Many protesters gathered both in favor and against the project at Philadelphia city council meetings concerning the arena's construction. In October 2024, a group of protestors against the project disrupted a city council meeting. The protest included hundreds of participants and was organized by No Arena PHL, a coalition started to oppose the planned arena. Since then, protests against the project continued at meetings concerning the project, including at one in December 2024, which was when the city council was supposed to hold another meeting and vote on the project, after the original meeting was postponed. However, it was yet again postponed due to an outburst by protesters. The final vote was held on December 19, 2024, where the city council approved the arena plans, however the vote itself was briefly delayed due to protestors having to be removed from the council floor.

== Support ==

=== City officials ===
In September 2024, mayor Cherelle Parker released a statement announcing her support for the proposed arena, despite objections from neighboring Chinatown and other community groups.

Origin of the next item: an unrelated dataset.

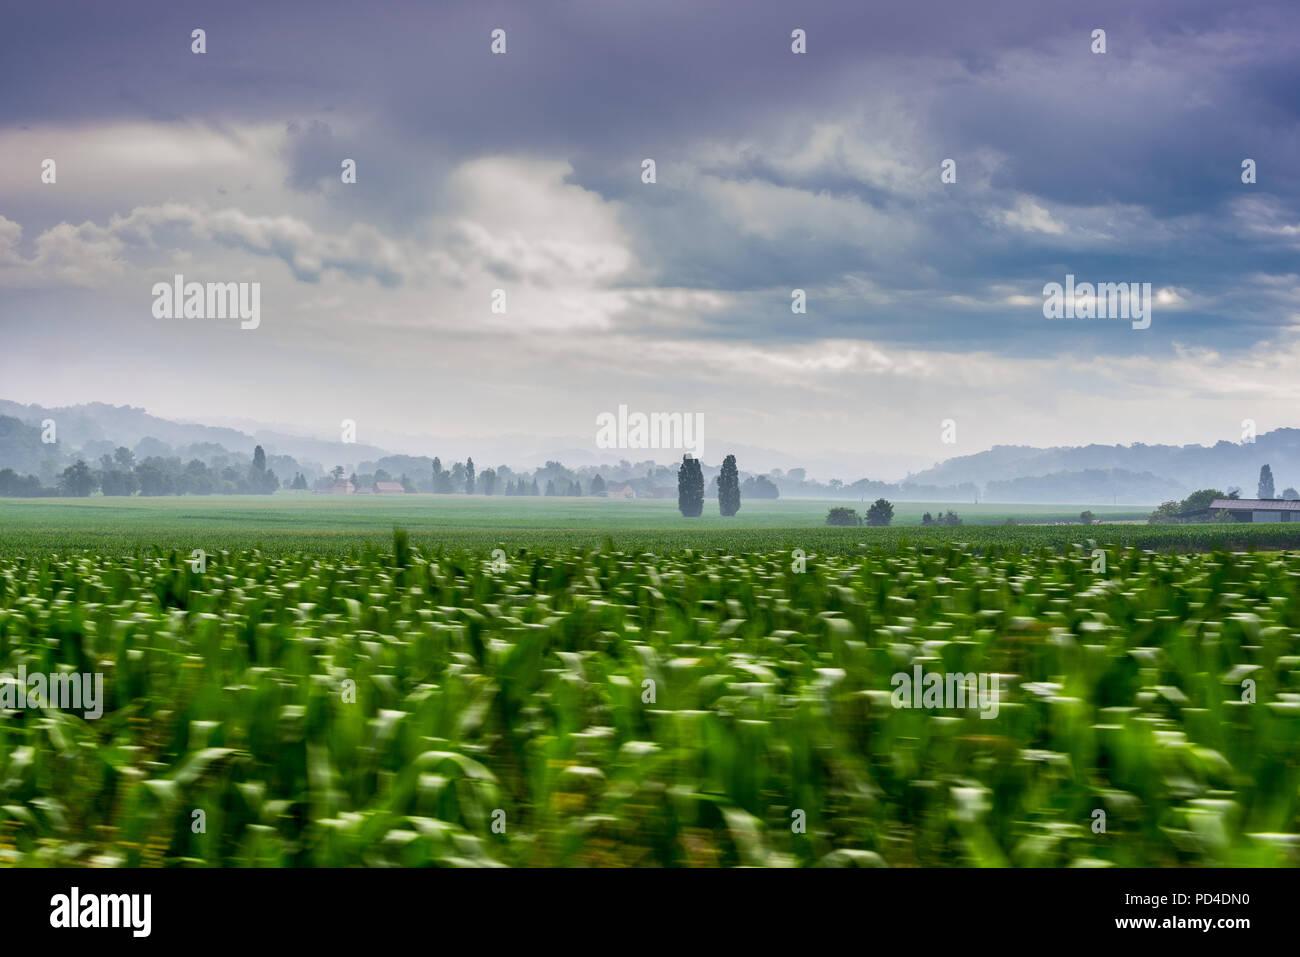 Schuß von Feldern in der Nähe von arzacq Frankreich genommen Stockfoto

Councilmember Jim Harrity also voiced his support for the proposal.

=== Labor ===
Ryan Boyer, the head of the Philadelphia Building and Construction Trades Council, praised the planned stadium as having the opportunity to "galvanize the construction industry in Philadelphia." Consultants working on the stadium expected as many as 9,000 professionals, trades members and managers to work on the project.

==Construction plans==
Harris Blitzer Sports & Entertainment (HBSE), who own and operate the 76ers, hired the architectural firm Gensler to design the arena and the engineering firm AECOM to build it. HBSE limited partner and real estate developer David Adelman managed the project's development.

HBSE did not plan to speed up the construction process in order to leave their current lease with the Wells Fargo Center sooner. The arena would have replaced one-third of Fashion District Philadelphia including the AMC Dine-In movie theater and Round 1 Bowling and Amusement. Groundbreaking on the arena was not expected for several years and was opposed by local residents and businesses which the arena would have displaced. HBSE planned to use the site of the Philadelphia Greyhound Terminal on Filbert Street to attract new businesses. 76 Place at Market East was expected to have a capacity of 18,500. The site of the arena was chosen because of its location to a number of public transit options.

HBSE stated the project would have been privately funded. However, a previous 30-year agreement that the property taxes for the site would be reduced remains in place through 2035. 76 Devcorp said they were open to accepting partial funding from the government.

== Approval and cancellation ==
The project was scheduled to move forward after being approved by the city council on December 19, 2024. Councilmembers Squilla, Johnson, Jones, Driscoll, Lozada, Bass, Phillips, O'Neill, Richardson, Thomas, and Harrity voted for all 11 of the bills needed to move forward with the project, while councilmembers Gauthier, Landau, Young, Brooks, and O'Rourke voted against 10 of them. Gauthier and Landau voted for one of the 11 bills, which proposed the creation of a Philadelphia Chinatown Overlay District, while the other opposing members voted against all 11.

On January 12, 2025, HBSE cancelled plans for 76 Place and announced a deal with Comcast Spectacor for a new arena to be built inside the South Philadelphia Sports Complex. A report by The Philadelphia Inquirer estimated that hearings, meetings, travel, behind the scenes bargaining and police overtime related to the arena and protests against the arena cost city taxpayers at least $469,000.